Spotting likely holding areas – holes, troughs, channels and so on – is another element that often goes overlooked. I’m surprised at the number of people who will just pitch up to the nearest spot and set their stall out for the day, regardless of what’s in front of them.

Think of this part of the process as though you are on a hunt. If you were seeking a land animal like a deer or hog to shoot, you’d be unlikely to sit in one spot near the car park all day, hoping your target wanders into view. You’d be out searching for clues and signs, exploring likely areas until you find your quarry. Treat surf species in the same way.

Walk the beach until you see that calmer, flat blue water indicative of a deeper hole. Or maybe a wave stops breaking half-way through the surf zone when it hits a deeper trough. Both are go-to areas for a fun surf session. If you don’t get a bite in first half-dozen casts, move to the next area and repeat until you find fish. Then, remember where you caught the fish and what the water was doing so you can replicate this.

SUBTLE AND SIMPLE – A medium-size sand crab (or two to four small ones), a size 8 fine wire hook, 6-pound fluorocarbon, ¾-ounce egg sinker and 4mm clear rigging bead is my go-to surf set-up for light line species. It’s catch everything from the smallest perch to big spotfin and corbina.

4 Picking the right rigs

When it comes to end tackle, keeping everything simple, light and flexible is a good strategy. A basic Carolina rig with a ½- to 1.5-ounce sinker, 4mm bead, small barrel swivel (not one of those big brass-colored ones or a snap swivel) and 25- to 30-inches of 6-pound fluorocarbon will tackle almost every non-shark surf species in SoCal, corbina and spotfin croaker included.

A size 6 or 8 hook baited with two, three or four small pea-sized sand crabs scooped out of the shore break with a small pasta strainer completes the set-up that I use for all my guided light line surf sessions. I’ll happily use a whole or halved 2-inch Gulp! Sandworm in camo neris or new penny shades, too.  This bait and rig combo is easy to use with anglers of all ages and abilities ­­­– a short cast into the first trough or hole, and you’re in surf perch or croaker territory.

DOING THE BUSINESS – A chunky barred surf perch for my client, who could cast well but had never fished the surf before. We planned and executed a successful multi-fish session using the exact techniques set out in this article.

5 Setting the hook and casting

So you’ve planned a session around the tides and swell, found a likely holding area in front of you, tied a neat C-rig, cast out and got a bite. When it comes to surf perch, they can be a little tricky to hook for the inexperienced angler. They tend to pluck and grab at baits, resulting in those tap-tap bites, especially when you’re on top of smaller fish that can’t inhale the whole bait.

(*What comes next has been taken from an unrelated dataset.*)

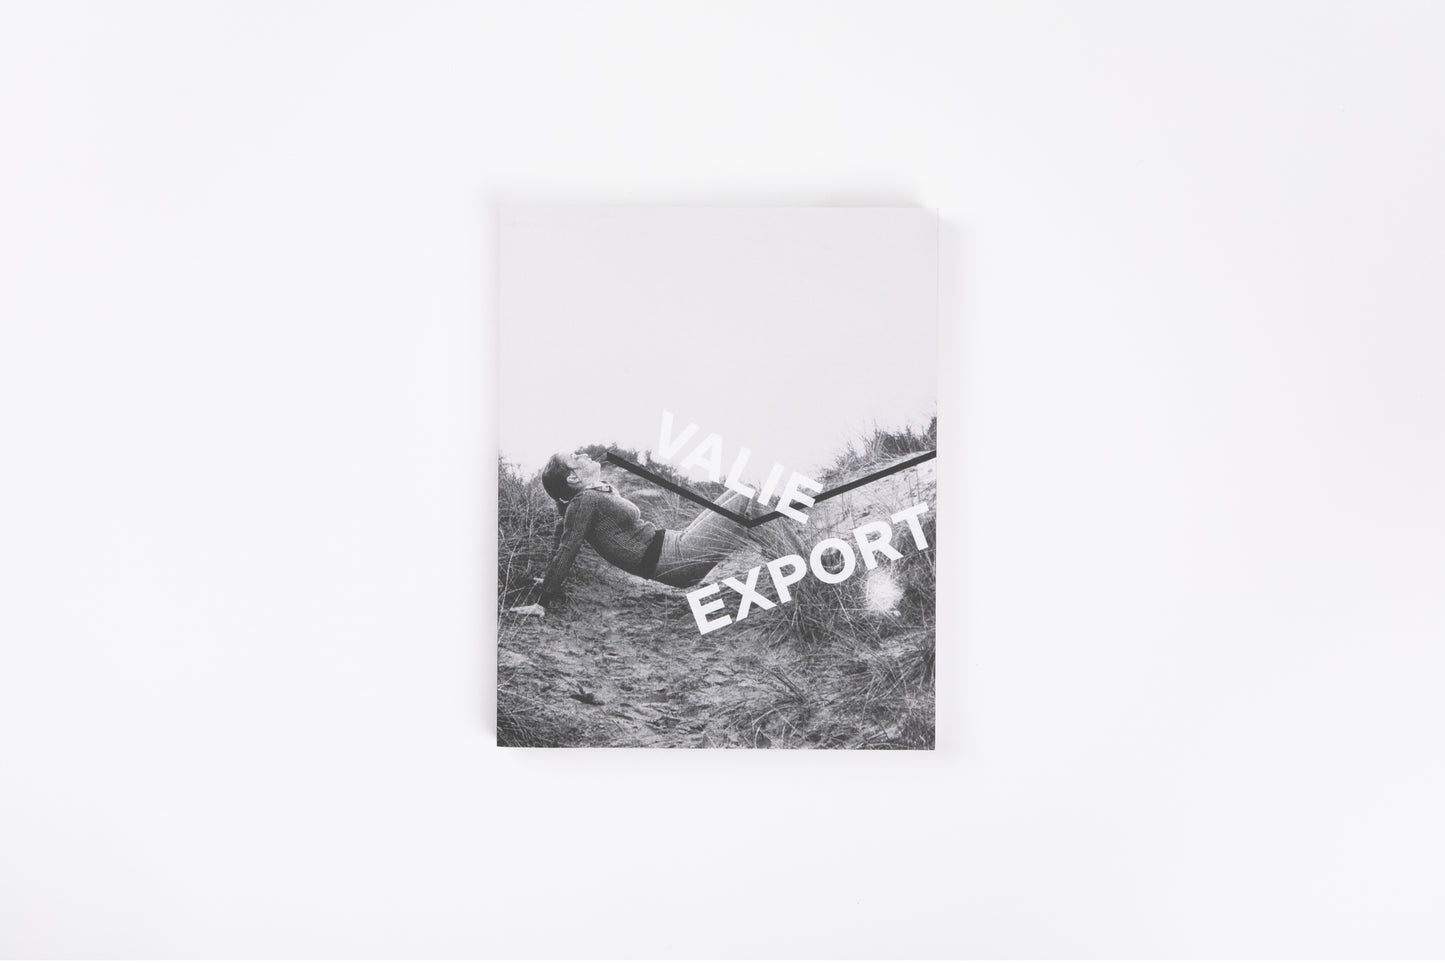 Valie Export: Photography

The solution is this: don’t set the hook on the first tap or bang you feel. Give them a second to eat the bait, before waving hello to the fish. When I say ‘waving hello’, this is because an inexperienced angler will often go for the full-swing big bass hookset, whereas a swift-but-not-violent raising of the arm ­– just as though you were waving hello to someone across the street, but with a rod in your hand ­– is a much smoother, more efficient way of setting the hook.

The last piece of the puzzle, for lots of surf anglers starting out, is the ability to cast a relatively light set-up a decent distance without tangling. I’m consistently surprised at the anglers who claim lots of experience yet can’t really cast a basic light spinning outfit properly, with all sorts of weird and wonderful techniques employed.

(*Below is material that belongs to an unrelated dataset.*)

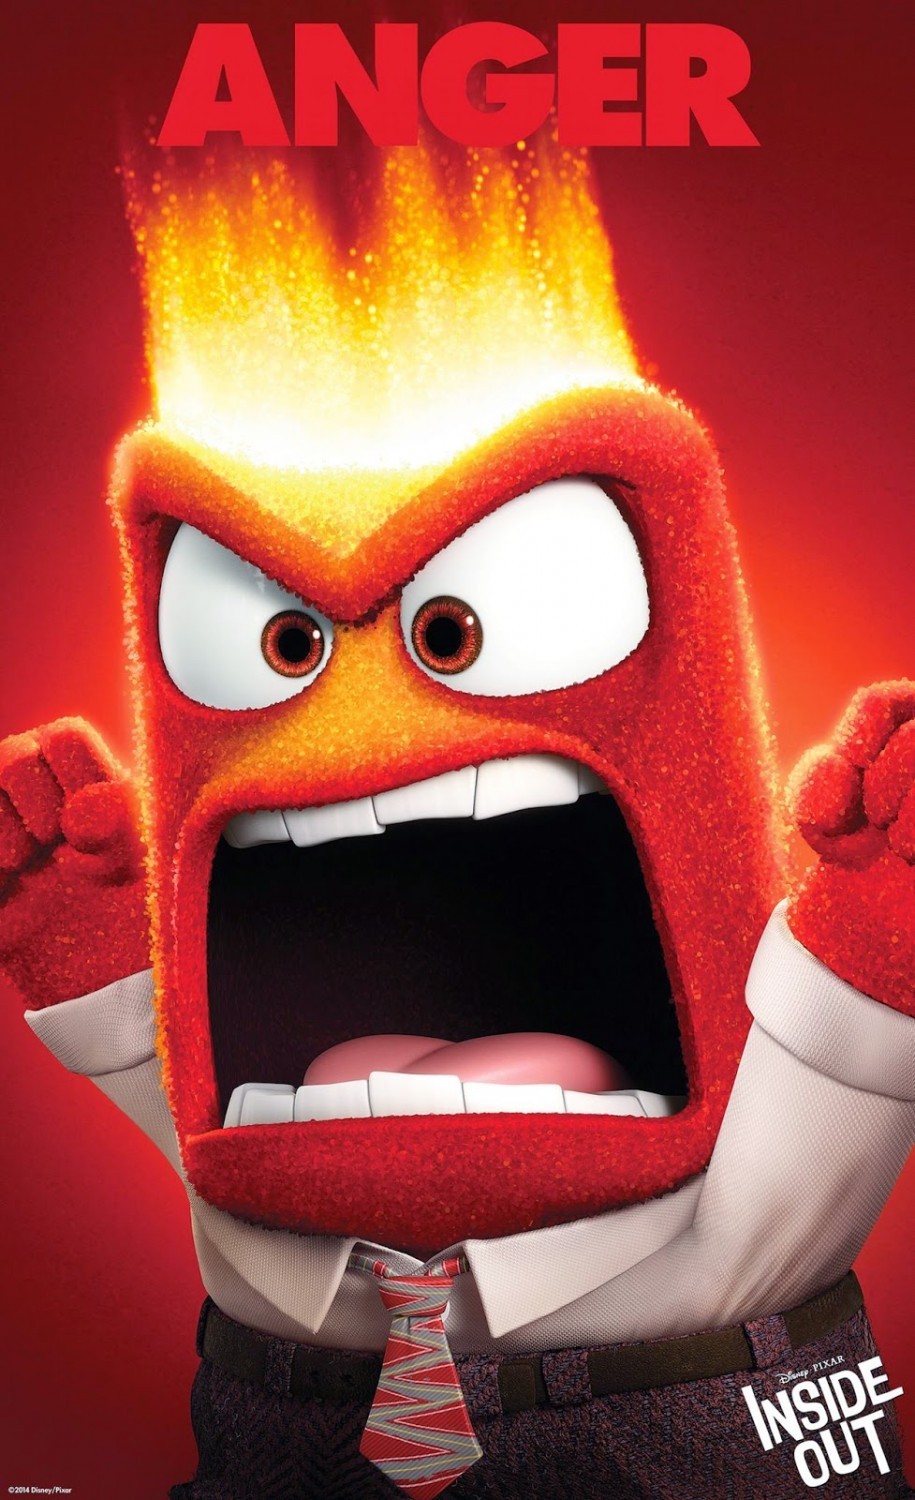 Anger di Inside Out @pixarstudio

It’s hard to put into words a physical action as specialized as casting a ¾-ounce sinker on a 9-foot light surf combo, but I highly recommend an hour in an empty park or field with your surf combo of choice to get your technique and timing dialed in. Youtube is awash with beginner casting videos, so get your basic grip, stance, drop (the distance from the sinker to the rod tip) and timing right before hitting the beach.

The ability to smoothly cast a good distance, exactly where you want without tangling, will put you onto a ton of extra fish and is one of the main factors in a successful surf session once you have the baits, rigs, location and conditions worked out.